The Big Easy made it look, well, easy once again.
Yes, Ernie Els benefited from Adam Scott's major meltdown on the final four holes of the Open Championship, but shooting seven-under par on a very hard course shouldn't be overlooked.
No matter how underwhelming Els' fourth major championship victory might be, he absolutely shouldn't lose any credit. A major is a major. No matter how you win it.
With that being said, I will concede that some major wins are a bit more spectacular than others. Let's take a look at how Ernie's four huge wins stack up against each other.
2012 Open Championship
Again, this isn't taking anything away from Els' win. It just speaks to the nature of his other victories.
Seven-under, for what it's worth, is Els' best score of the four major tournaments he has won, and his birdie on No. 18 was easily one of the most clutch shots of his career.

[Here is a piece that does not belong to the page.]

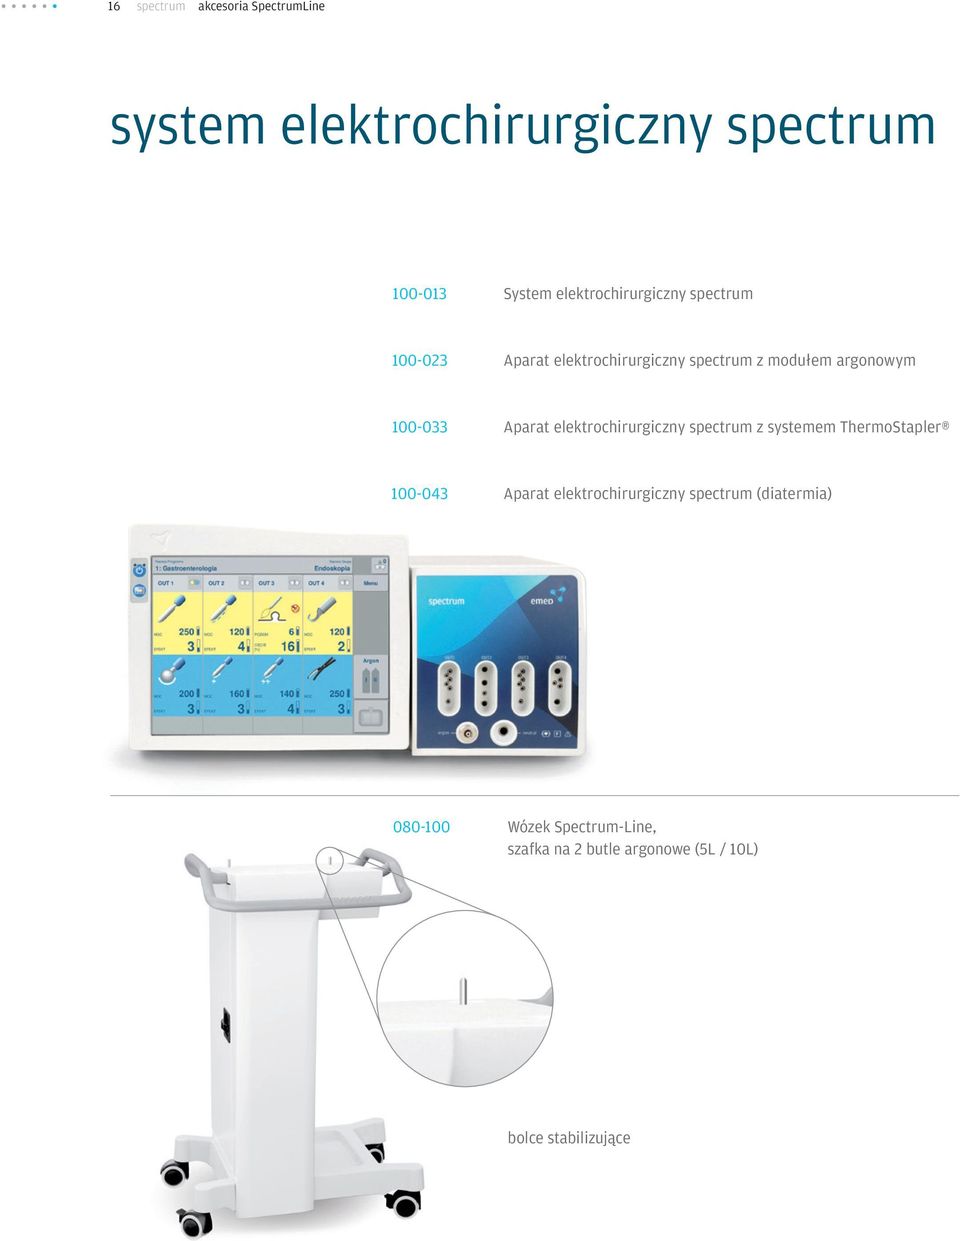 100-033 Aparat elektrochirurgiczny spectrum z systemem ThermoStapler 100-043 Aparat

It's just a shame Adam Scott will be remembered as the loser more than Els will be remembered as the winner.
1997 U.S. Open
What was most impressive about Els' second major victory was the simple fact he trailed leader Colin Montgomerie by six strokes after shooting a one-over 71 on Thursday.
Els worked his way back with three straight rounds under par to finish at four-under, good enough for a one-stroke victory over Montgomerie.
The legendary Congressional golf course was playing especially hard in '97, as just three players finished under par. That just makes Els' 276 and fourth-round comeback all that more impressive.
1994 U.S. Open
Back when he was a mere 24-year-old, Els took home his first career victory, which took place at Oakmont Country Club in Pittsburgh.
The Big Easy entered the weekend trailing Colin Montgomerie (once again) by four strokes, but he shot an incredibly impressive 66 to take the two-shot lead heading into Sunday.
Montgomerie and Loren Roberts made minor comebacks on the final day, tying Els at five-under to force an 18-hole playoff on Monday. None of the trio played particularly well on Monday, but Els' three-over was good enough to once again tie him with Roberts.
On the second hole of the sudden-death playoff, the 24-year-old grabbed the timely par to take home his first career major.
2002 Open Championship
While the '94 U.S. Open was an impressive playoff victory for Els, he established himself as the King of the Playoff eight years later.
At Muirfield in Scotland, Els worked himself into a four-way tie with Thomas Levet, Stuart Appleby and Steve Elkington. Els and Levet both shot a 16 on the four-hole playoff, but once again, The Big Easy took it home via the sudden-death playoff.
Levet bogeyed while Els saved par from a fairway bunker for the win.